[nanoPost] Biosensor systems

 Currently under development at the University are biosensor systems that can be used at a macroscale (e.g. within multiwell plate technology), on the microscale (using existing chip based technology currently in development) or at the single-molecule level (where a nanoactuator is available). They are already developing a self-assembling biosensor to test for toxicity.

Biological material is not always first choice for use in a robust biosensor because of its inherent instability. However, it offers several advantages: biological materials (e.g. proteins and nucleic acids) naturally self-assemble and they can be disposed of easily (e.g. after contamination). In this system, the detected toxin “poisons” the sensor, but the sensor can be “washed away” and fresh sensor reassembled from original components.

These biosensors are generic in nature and can be readily adapted to almost any specific need. The components are modular and so only the reporter protein needs to be changed. This biosensor technology could be applied to detect any of the following: hydrophobic compounds (e.g. aromatic compounds); DNA interchelators (e.g. dioxins) and biological ‘poisons’ (e.g. heavy metals). The basic components within the sensors also have other applications including their use as nanoactuators and molecular motors. They provide a first step toward building bionanotechnology.

The enzymes they use for sensing are molecular motors. As they move toward single molecules and thus nanotechnology, with all the added benefits of parallelism and high throughput.

Biosensors have two components:

1. Molecular Recognition Elements (MREs)—to provide the selectivity of the sensor and the sensing unit.

2. A Transducer—to link the interaction of sensor and detected substance with a measurable output.

MREs are normally catalytic or affinity-based.  However, a third type of MRE may be dependent on the disruption of intermolecular forces within this component. This type of MRE would detect compounds through their ability to destabilise the biosensor. 

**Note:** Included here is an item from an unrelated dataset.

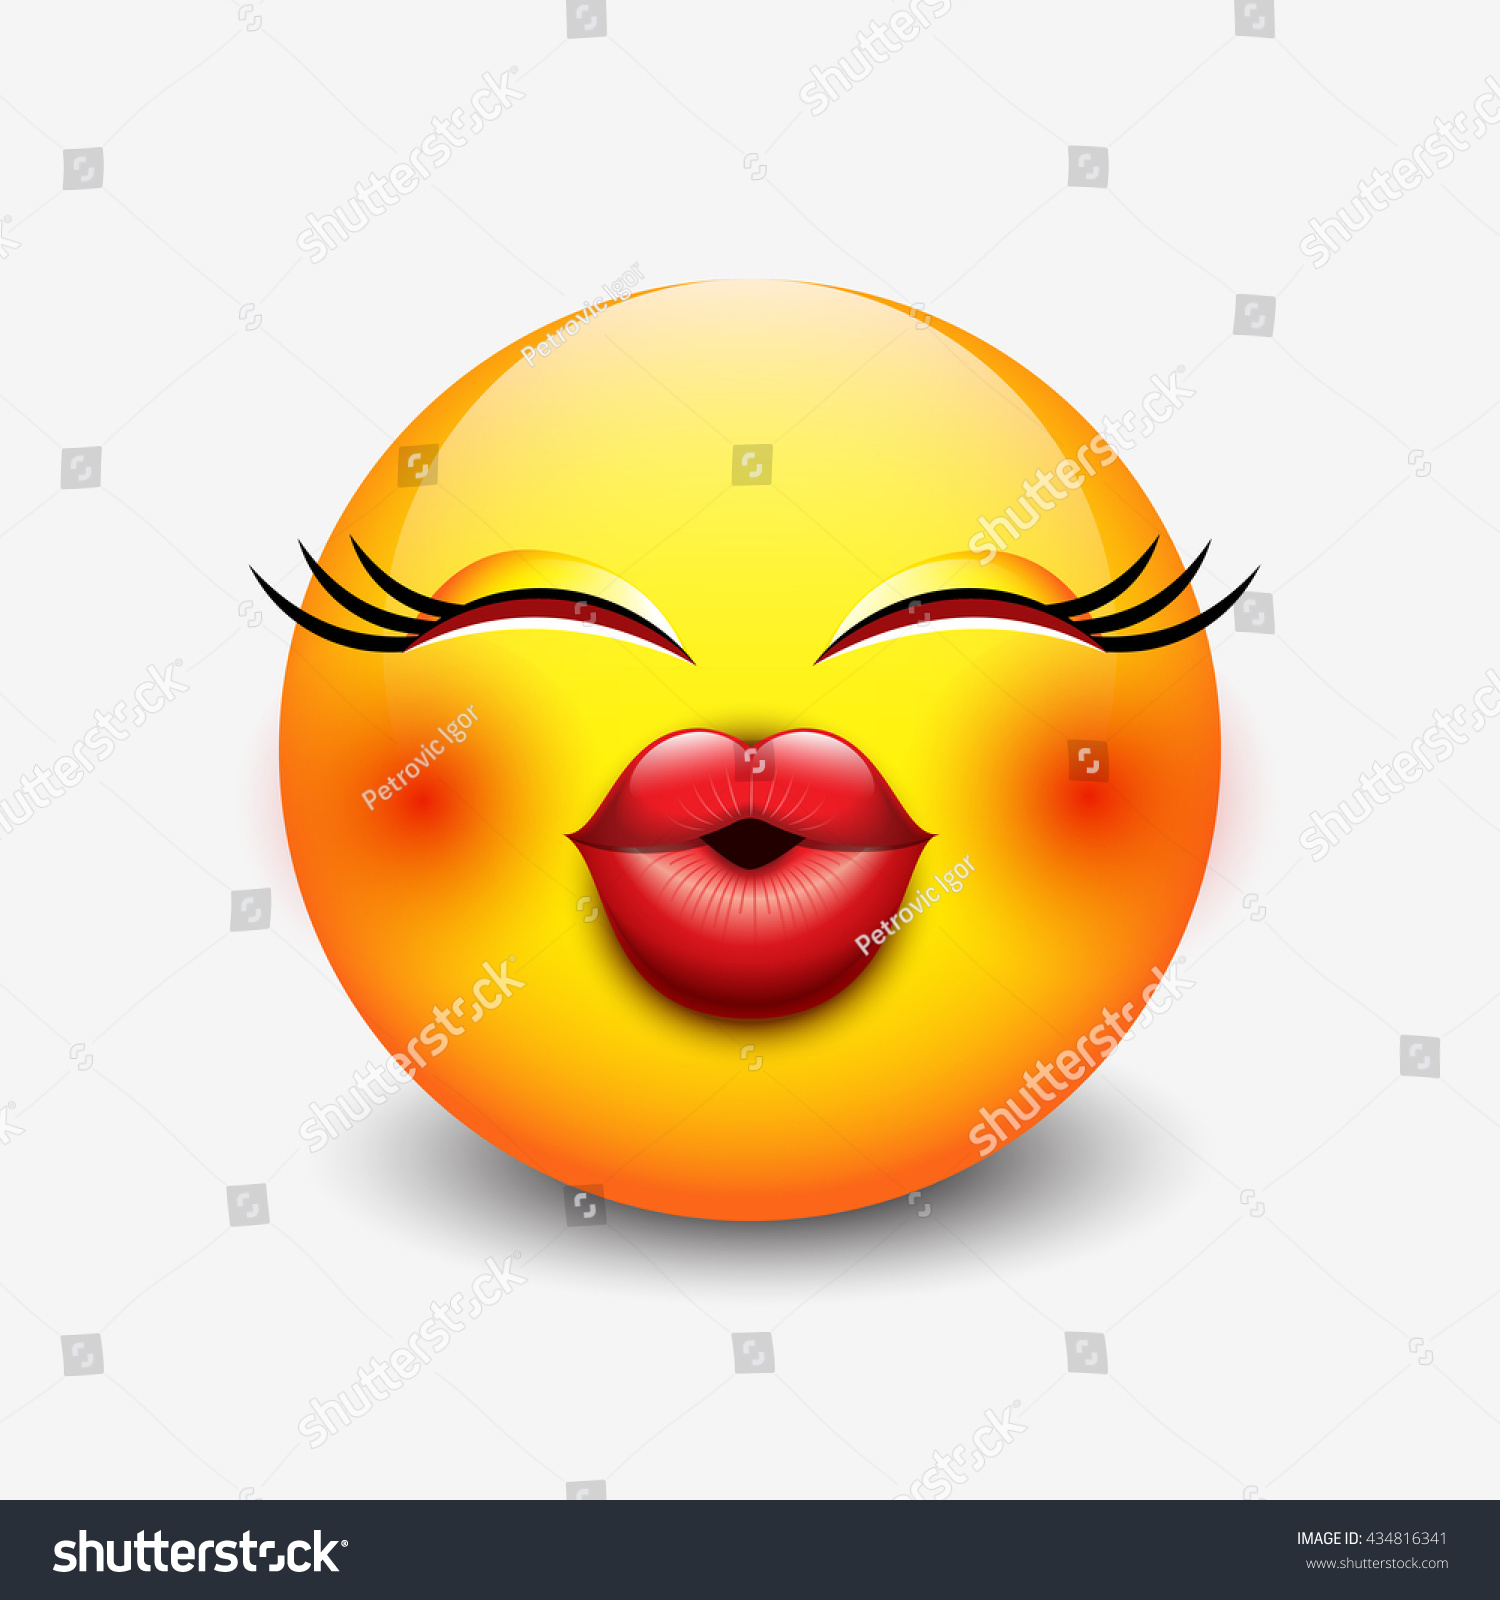 Cute Kissing Emoticon Emoji Smiley Vector Royalty Free Stock Vector 434816341

The biosensors under development  are based on a family of DNA-binding enzymes. By domain swapping the researchers can rapidly generate novel DNA specificity and have produced >36 different DNA-binding enzymes. The biosensor is designed for toxicity testing using an indicator reporter protein (Luciferase) that gives out light.  Loss of the light signal is an indication of the presence of a hydrophobic compound (most toxins fit this category).  Each DNA-binding protein interacts differently with each toxin producing different sub-assembly complexes that release different amounts of light from the reporter gene.

The researchers can readily locate these enzymes at known positions on a multiwell plate (or as single-molecules in a nanoscale device) using the “correct” DNA sequence within a purpose-designed oligoduplex. The oligoduplex DNA can be permanently fixed to various surfaces using existing DNA-array-type technology (see Figure 5 below). Each micro-well, or sensing position, can use one DNA oligoduplex and will thus only assemble one member of the 36 variants. This allows the creation of an array of different enzymes each with slightly different assembly properties and thus slightly different sensing capability for a toxin. This produces patterns of light output that vary from toxin to toxin and can be read in a luminometer.

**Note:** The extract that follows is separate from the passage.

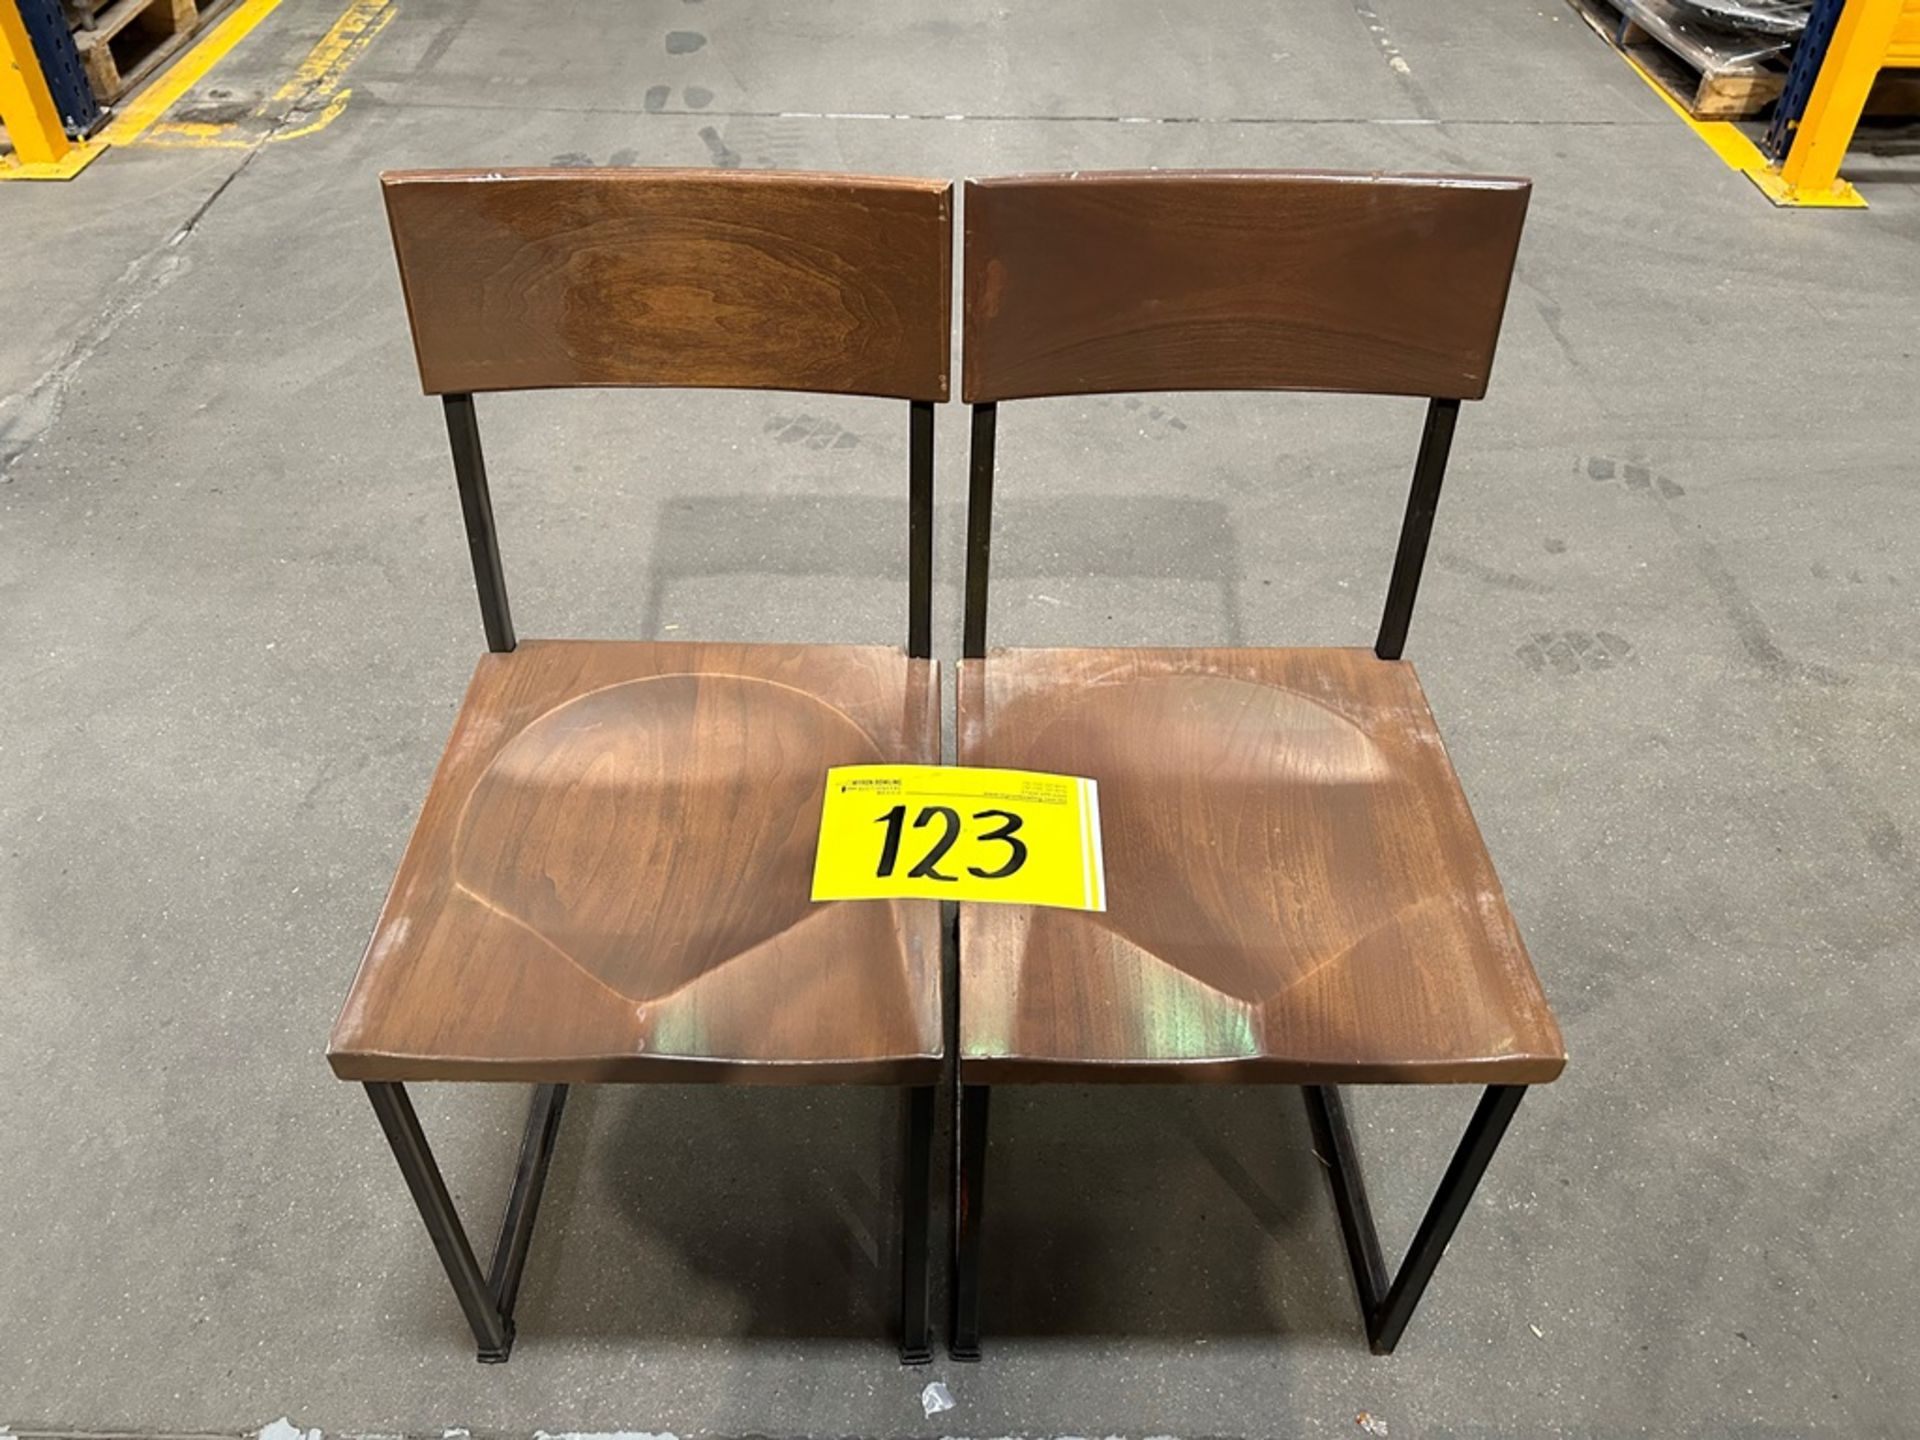 6 sillas en acero/madera color negro/café medidas 48 cm x 41 cm x 87 cm (Equipo usado) - Image 4 of 5

The above biosensing depends upon disruption of the assembly pathway of a family of enzymes.  These enzymes are also molecular motors and motor activity can be lost under similar circumstances. Motor activity is also sensitive to interchelators (e.g. dioxins and drugs) that bind DNA. They can detect single-molecule motor activity through a moving magnet (attached to the DNA) allowing them to build a prototype biosensor/nanoactuator.

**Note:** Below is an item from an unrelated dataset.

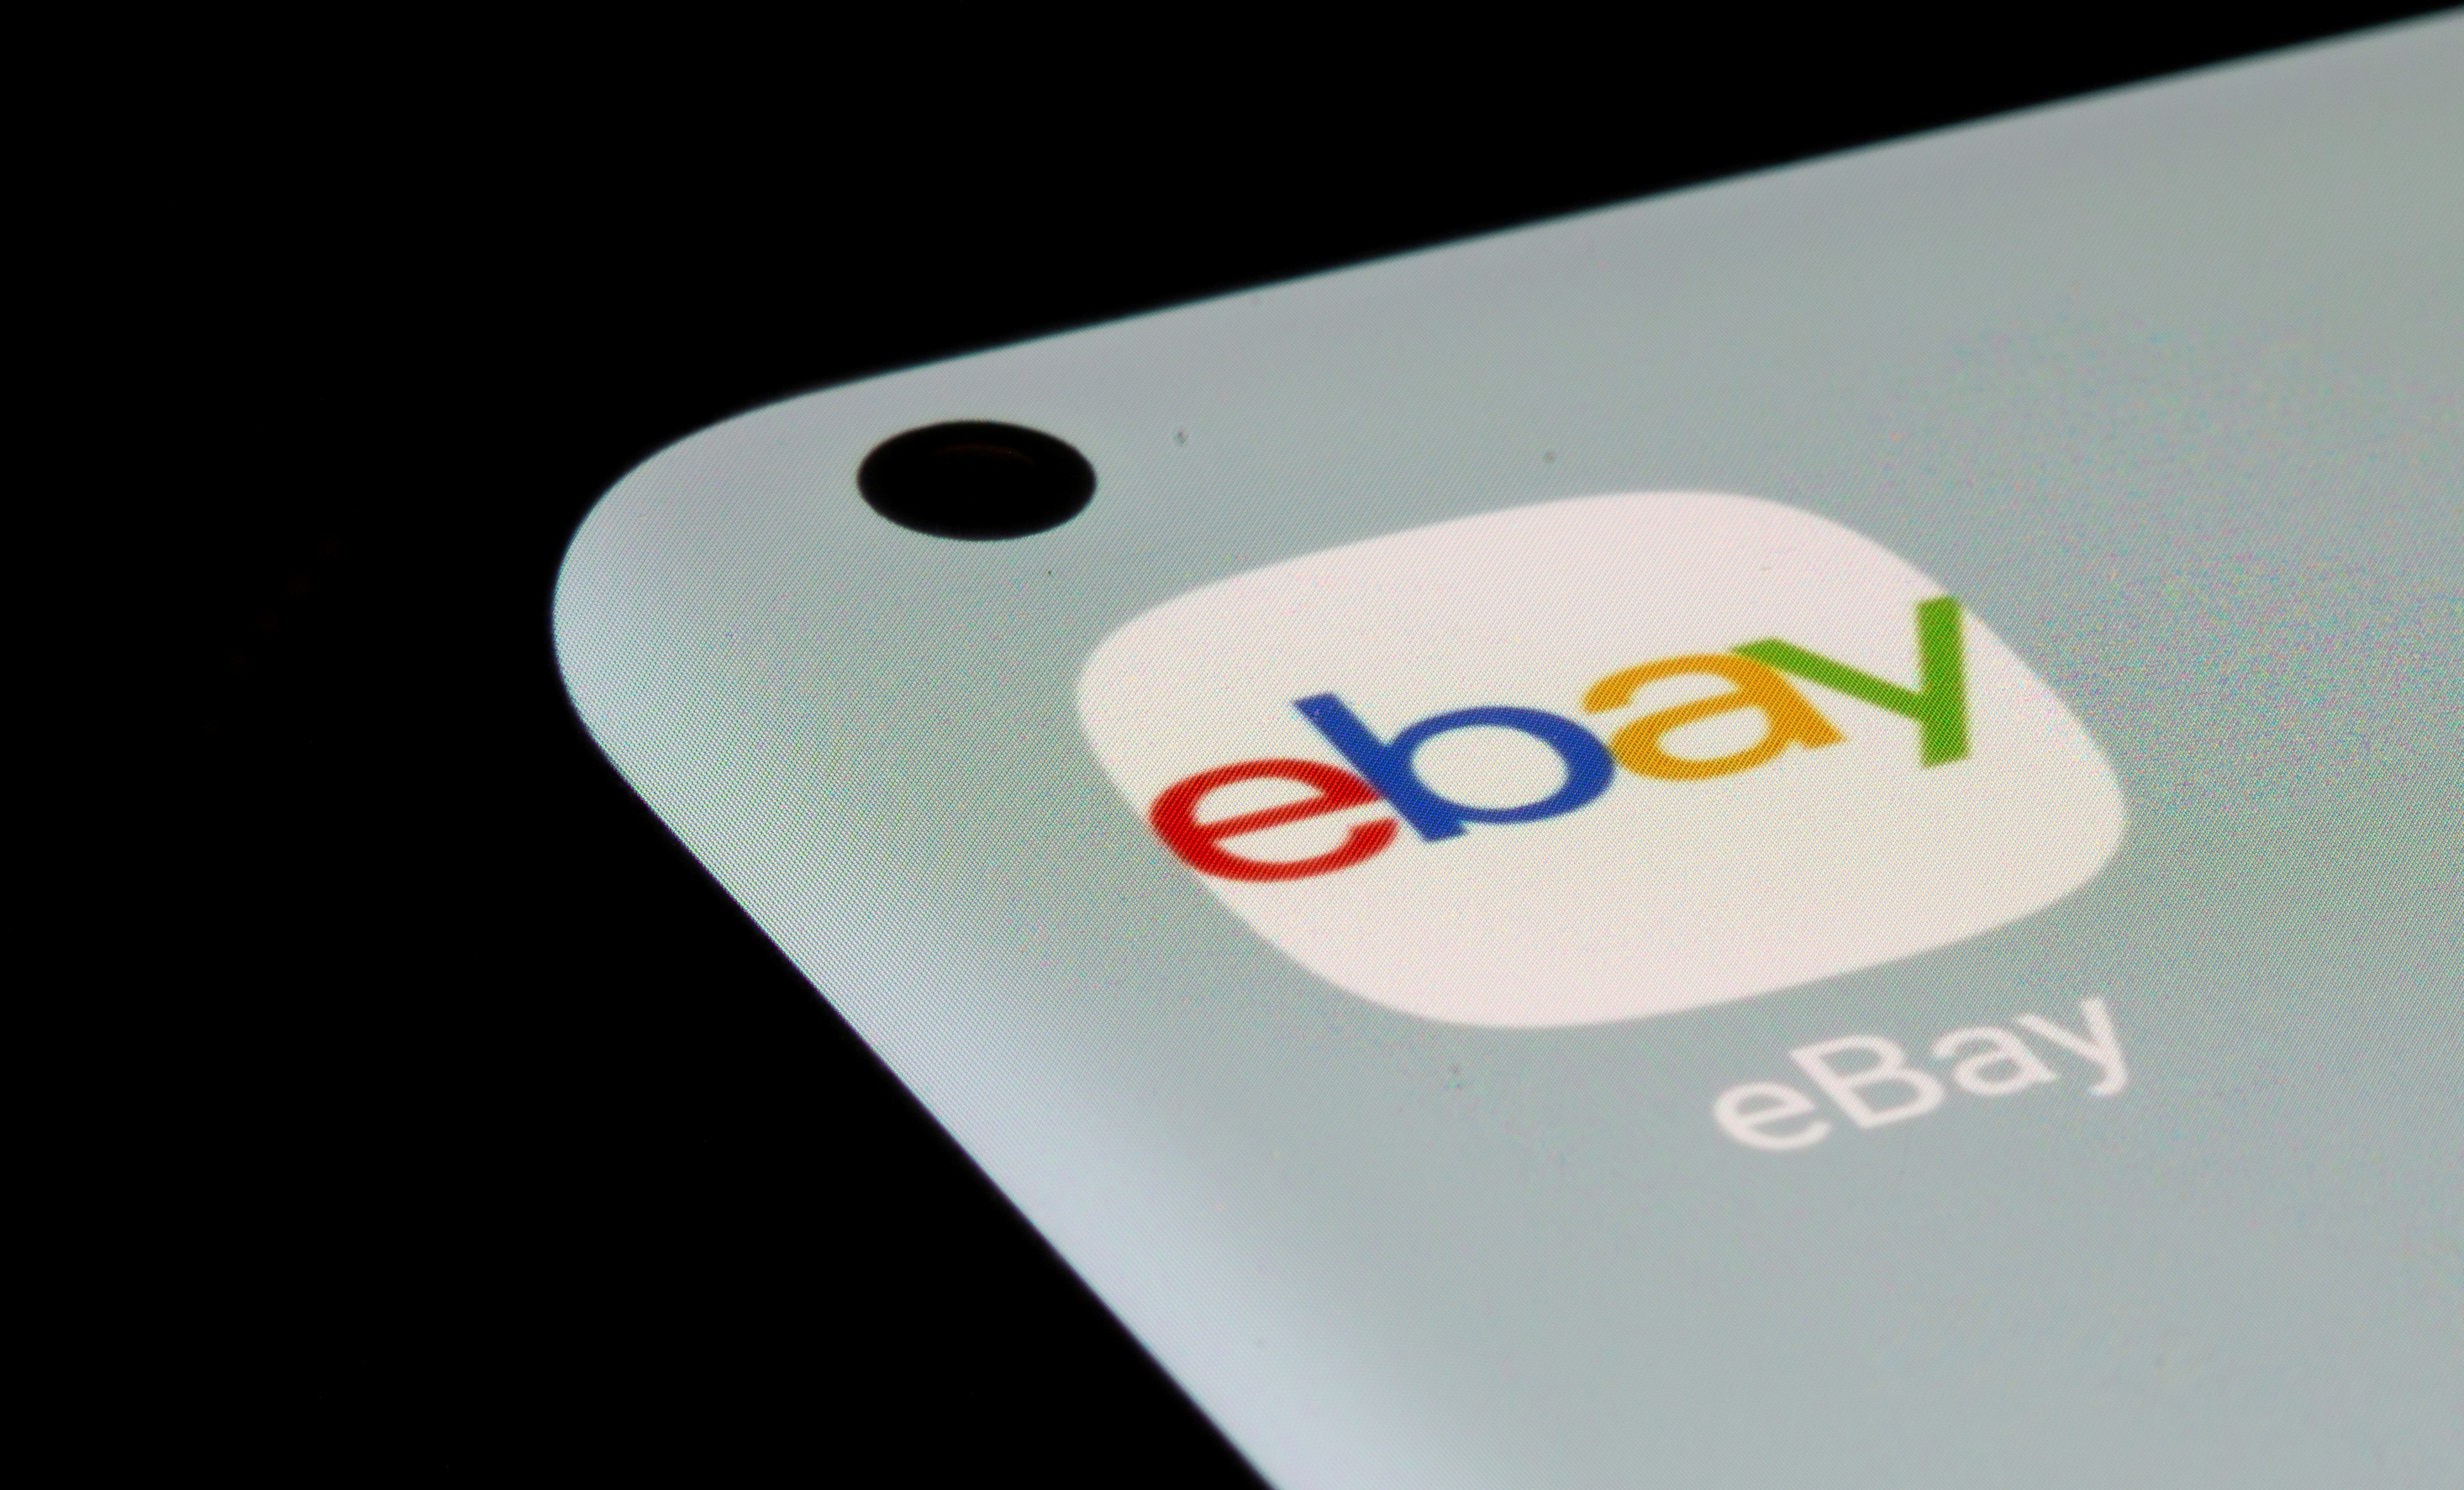 Ebay eBay Switches

Researchers at NASA Ames Research Center have taken a different route. They cover the surface of a chip with millions of vertically mounted CNTs 30–50 nm in dia. When the DNA molecules attached to the ends of the nanotubes are placed in a liquid containing DNA molecules of interest, the DNA on the chip attaches to the target and increases its electrical conductivity. This technique, expected to reach the sensitivity of fluorescence-based detection systems, may find application in the development of a portable sensor.